An abundance of health research is giving new meaning to the marriage vow to stay together “in sickness and in health.”
In a new report for The Conversation
Website, University of Sydney researchers Nial Wheat and Parth J. Upadhyay note that a growing spate of studies is proving strong evidence that evidence being happily married greatly increases patients' chances of being cured of cancer.
The latest research, by doctors and scientists at Harvard University, found people who are married are less likely to die from head and neck cancer. The findings, published in the journal Cancer
, are based on medical records of more than 51,000 patients and add to other research linking marriage and treatment success in a range of cancer types including prostate, uterine, breast, and pancreatic.

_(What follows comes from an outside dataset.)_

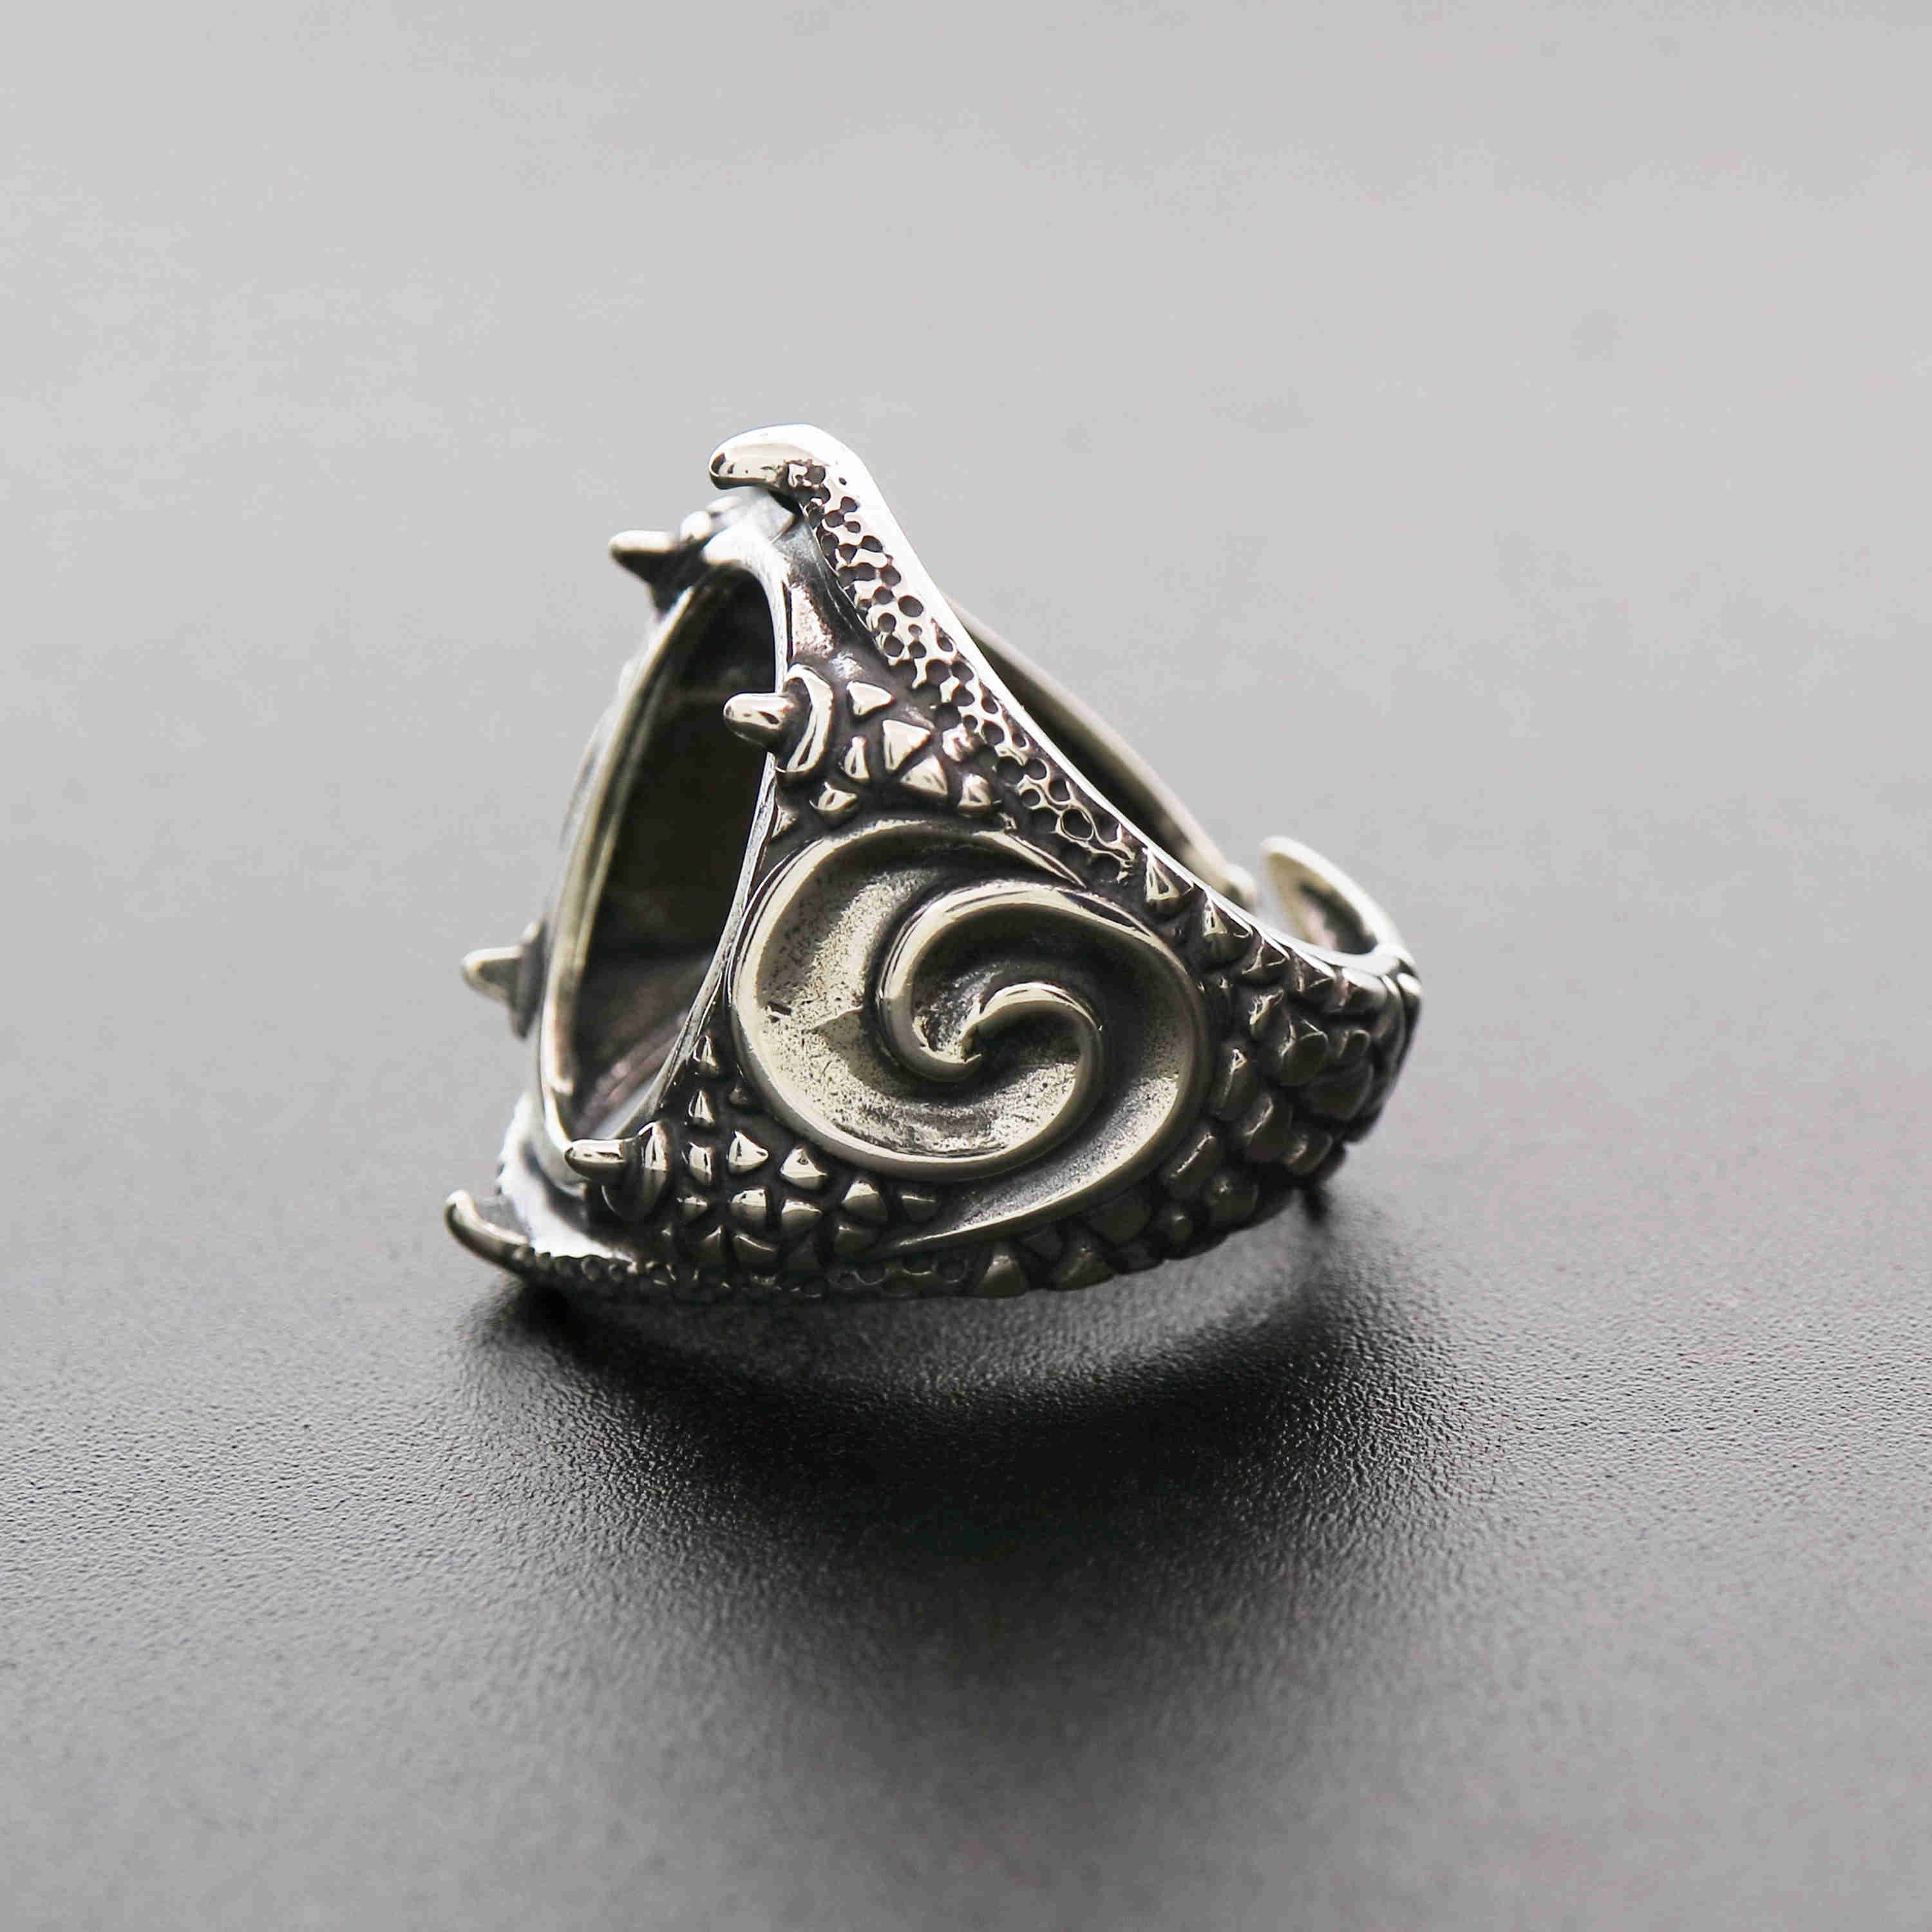 1Pcs 15X20MM Oval Cabochon Bezel Steam Punk Dragon Claw Heavy Antiqued Solid 925 Sterling Silver Adjustable Ring Settings 1223091 - Click Image to Close

“The importance of having a spouse appears to come from their ability to detect the early signs of cancer,” Wheat and Upadhyay write. “This may include visual changes in their partner but also audio clues like hoarseness when speaking, difficulty swallowing or other changes in their voice.
After picking up these signs, spouses tend to encourage their partner to visit a doctor, which leads to earlier diagnosis and treatment.”
They add, however, that having strong marital support during the difficult process of cancer diagnosis and treatment is also a factor in surviving the disease.
“The continuing support provided by spouses also plays a key role in their partners' treatment success,” they say. “Married patients were more likely to listen to their doctors' advice and adhere to their medication schedules.”